McDonald’s (MCD) has just reported earnings. The global fast food chain stock has delivered over the last two years, and looks set to move higher after putting out its results. The key to the quarter and to future performance? Franchising.

Franchising eliminates the cost of operating those units and replaces restaurant sales with more predictable rent and royalty payments based on a percentage of sales.

“During the quarter, we refranchised our businesses in China and Hong Kong, reaching our target to refranchise 4,000 restaurants more than a year ahead of schedule,” Chief Financial Officer Kevin Ozan said.

Now it was not al good news. The company beat analyst estimates, bud revenue was down. In fact, total revenue fell 10.4 percent to $5.75 billion, after the company stepped up franchising its restaurants. Analysts were expecting revenue of $5.74 billion.
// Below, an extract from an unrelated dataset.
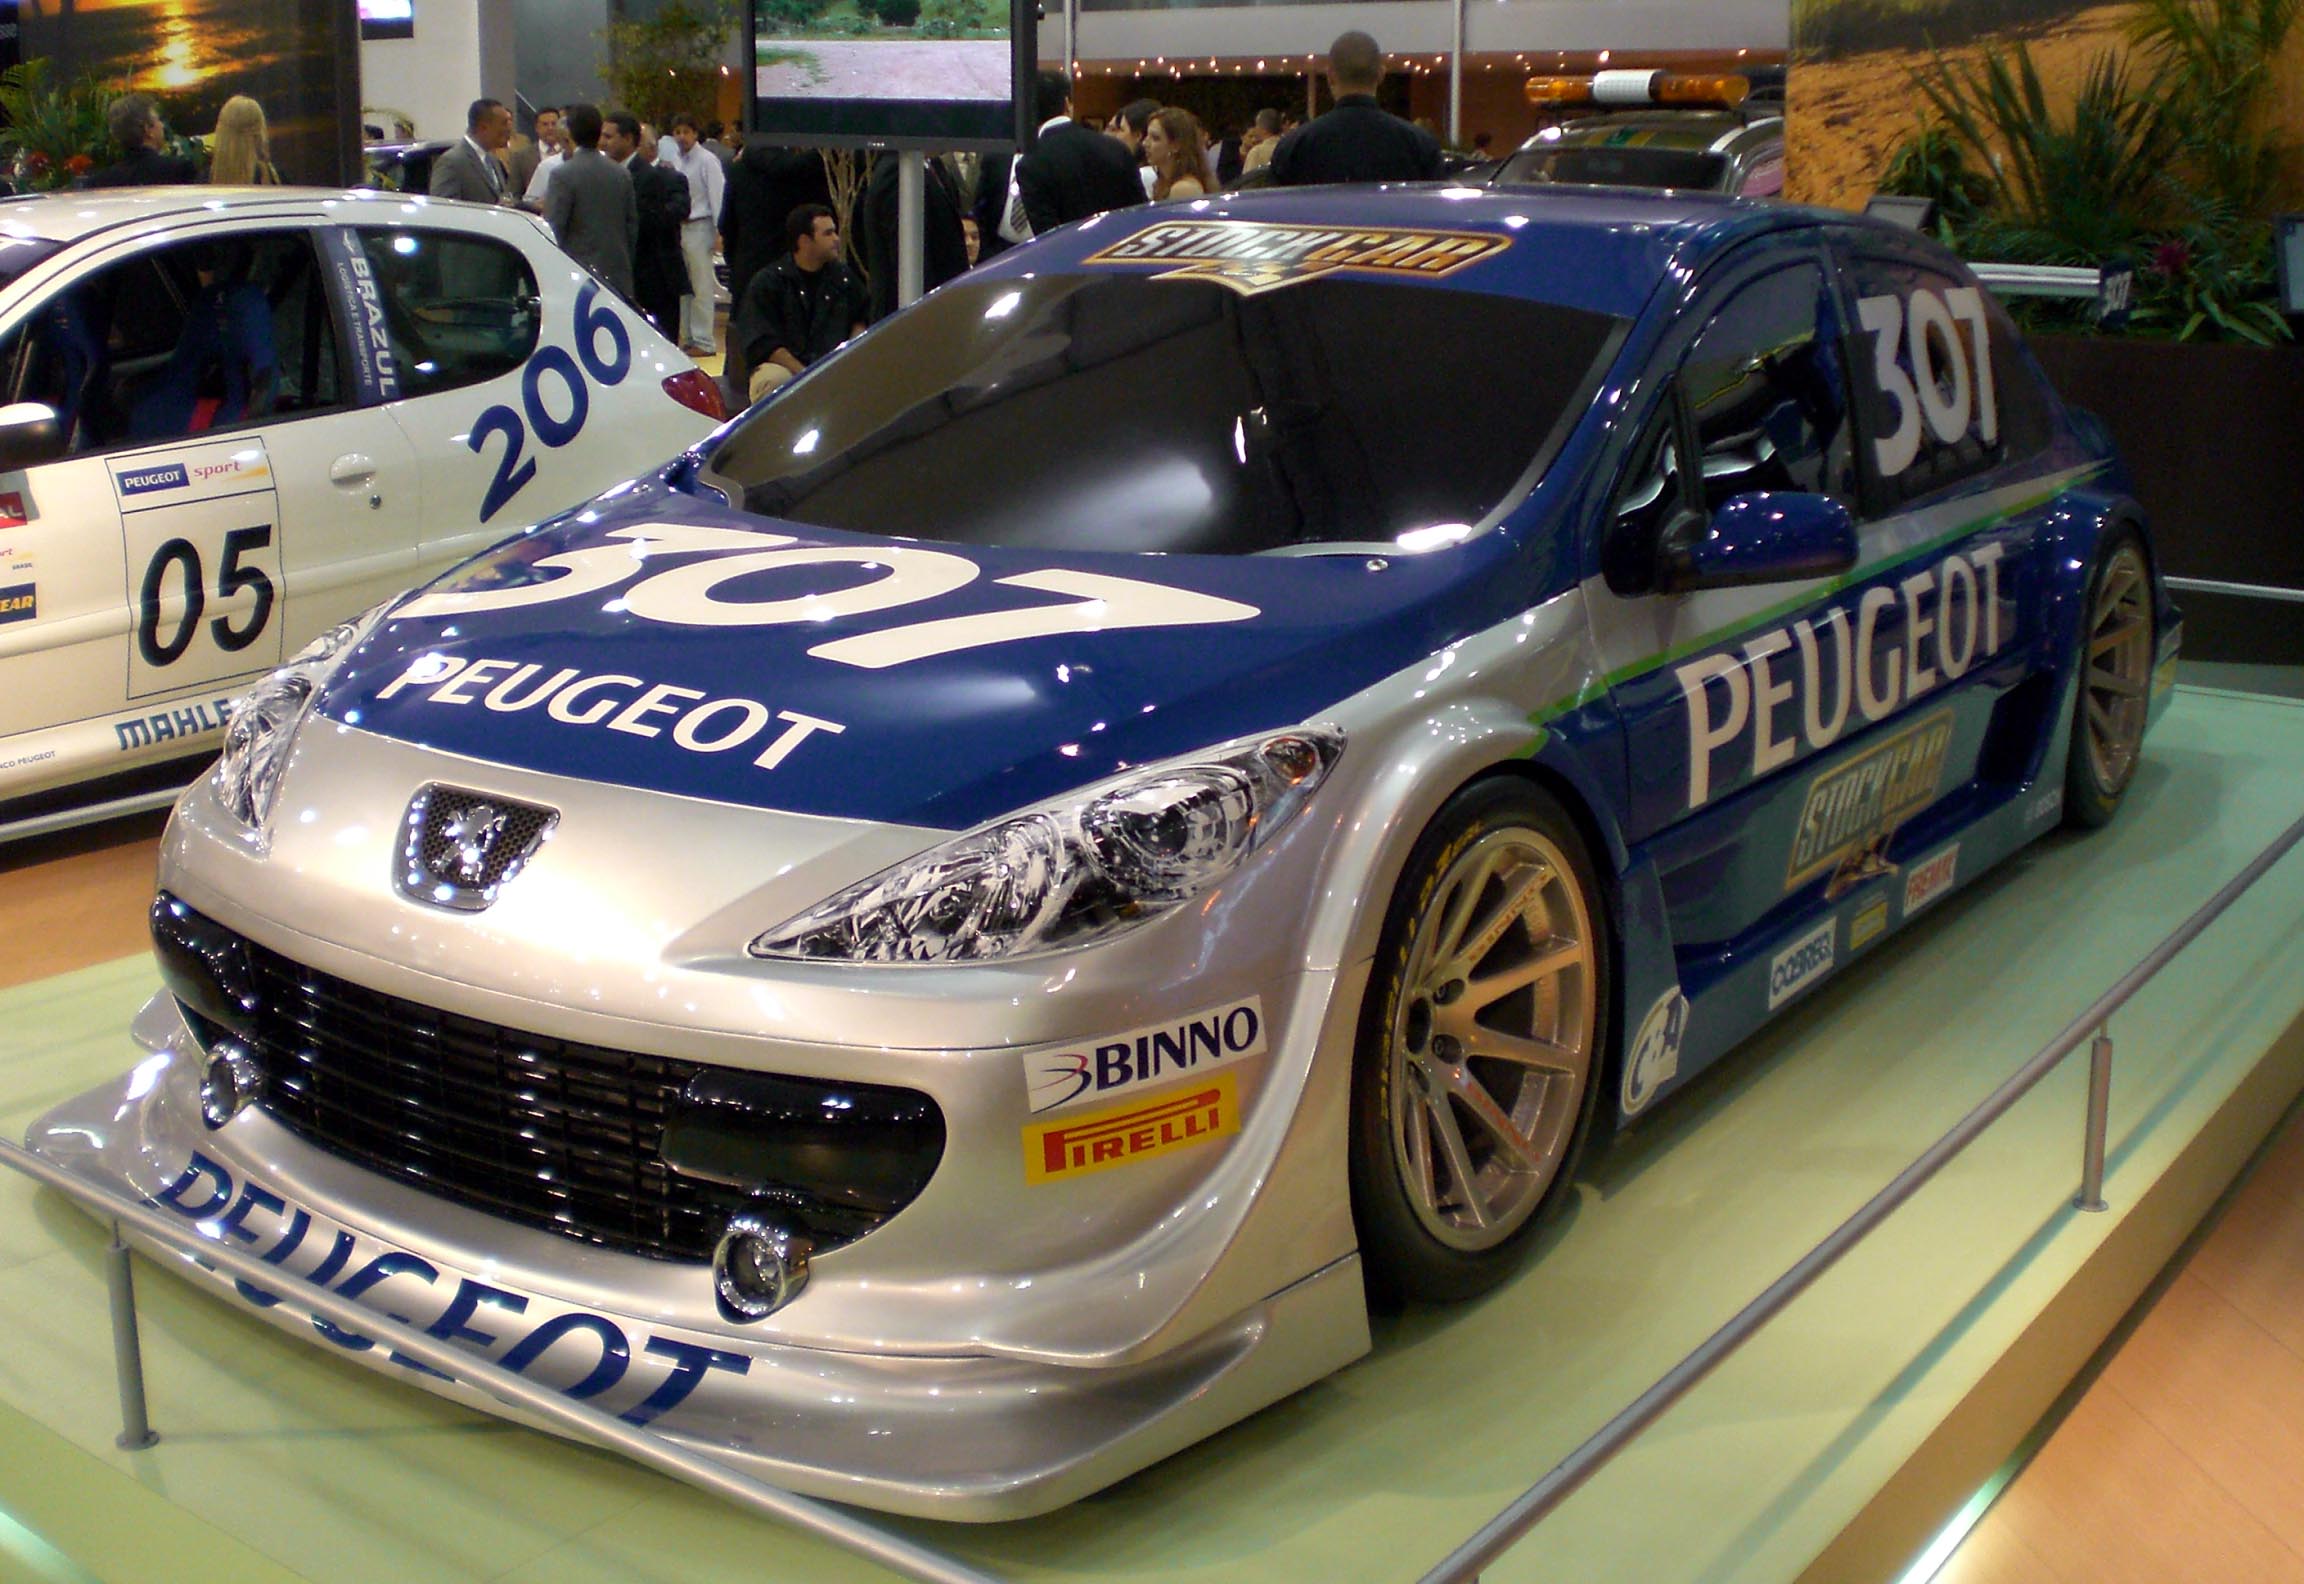 http://upload.wikimedia.org/wikipedia/commons/e/ec/Stock_Car_V8_Brasil_2007_Peugeot_307_concept.jpg

McDonald’s has been working to reverse a decline in traffic at its U.S. restaurants, where it gets most of its profit, with new menu items such as fresh beef Quarter Pounders, premium customizable sandwiches such as the Signature Sriracha sandwich, as well as mobile ordering and delivery.

Excluding items, the company earned a profit of $1.76 per share, missing the average analyst estimate of $1.77 per share,

Looking ahead expect vigorous promotions and a focus on franchising. We will be closely watching the latter.